Mercury left me his Millions – Daily Mail 22 Jan 2000


*** Daily Mail 22 Jan 00 ***

The incredible story of the woman Freddie loved

The shy woman who was left the Mercury millions

Daily Mail cover 22 January 2000

The world was shocked when the flamboyant Freddie Mercury, who died of Aids in 1991, left the bulk of his multi-million pound fortune to a girlfriend. But for years the Queen front man and Mary Austin had lived together as man and wife and now, for the first time, the woman he loved tells DAVID WIGG how money wasn’t the star’s only legacy. Main photograph by JOHN PAUL BROOKE. 

When Freddie Mercury first told his former girlfriend Mary Austin that he intended to leave her his magnificent Georgian mansion in London’s Kensington, her immediate reaction was one of shock and fear. In fact, she was so terrified of taking on such an enormous responsibility that she urged him to place the house, with its beautiful collection of antique furniture and paintings, in trust as a museum. 

Freddie considered this option, but decided he wanted Mary – his lover for six years before he decided he preferred male partners – to have something permanent in her life. Not only did he leave her his mansion, which stands behind a walled Japanese garden, but also the bulk of his multi-million pound fortune, with an income for life from his vast record sales and publishing. 

In the year up until his death in 1991, Mary juggled looking after her son Richard, now nine, and his father, Piers Cameron, with attending to Freddie as he suffered the final stages of Aids. At the same time she was preparing for the birth of a second baby, Jamie, now eight. 

Long before he told any of his close friends or the fellow members of his pop group Queen that he had Aids, he confided his secret to Mary. From that moment she was there each day to try to comfort him as he gradually became more ill. As he started to lose his sight and his body became so weak that finally he couldn’t even get out of bed, Freddie decided to face up to dying by refusing to take his medication. 

‘It was Freddie’s decision to finally end it all – he chose the time to die,’ Mary recalls in a whisper. 
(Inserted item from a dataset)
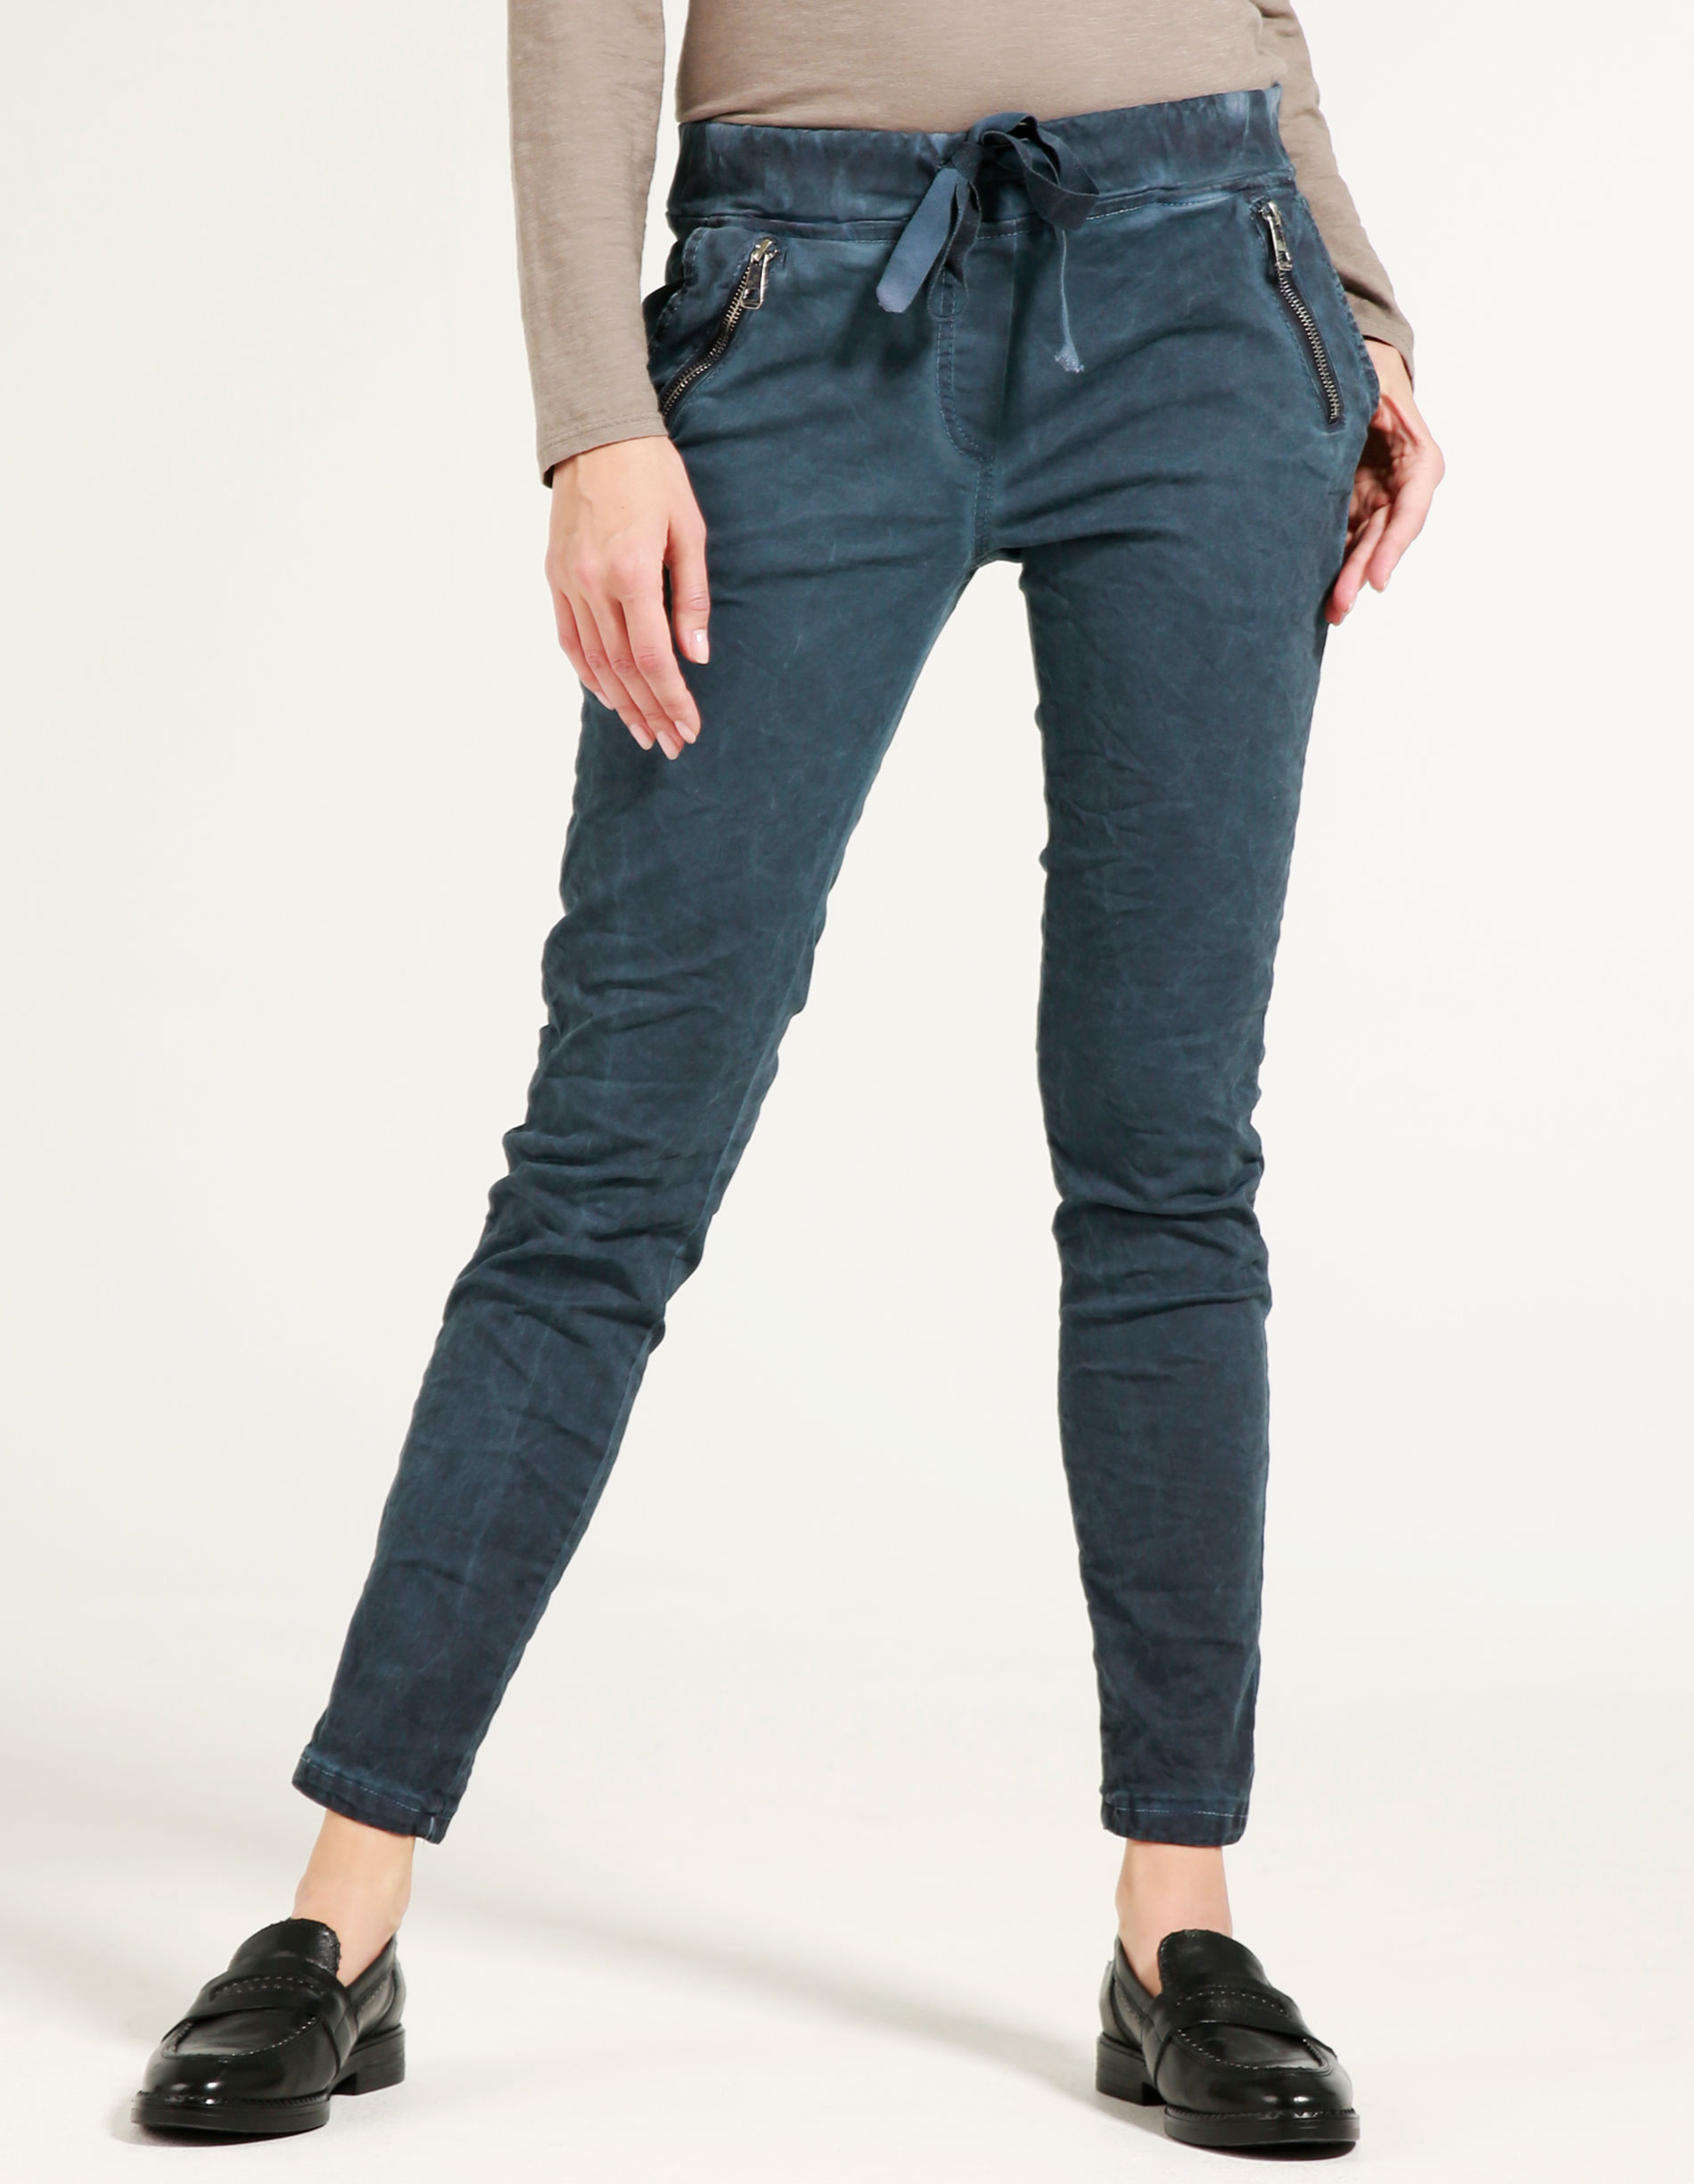 Spodnie - 30-618126 BLS - Unisono

‘He knew it was coming – that it was closer than it had ever been before. Then he suddenly said, “I’ve decided that I’ve got to go!”‘ ‘The quality of his life had changed so dramatically and he was in more and more pain every day. He was losing his sight. His body became weaker as he suffered mild fits. It was so distressing to see him deteriorating in this way. One day he decided enough was enough and stopped all the medical supplements that were keeping him going. He just turned off. The overwhelming thing for me was that he was just so incredibly brave. He looked death in the face and said, “Fine, I’ll accept it now – I’ll go.” But it was peaceful and he died with a smile on his face.’ 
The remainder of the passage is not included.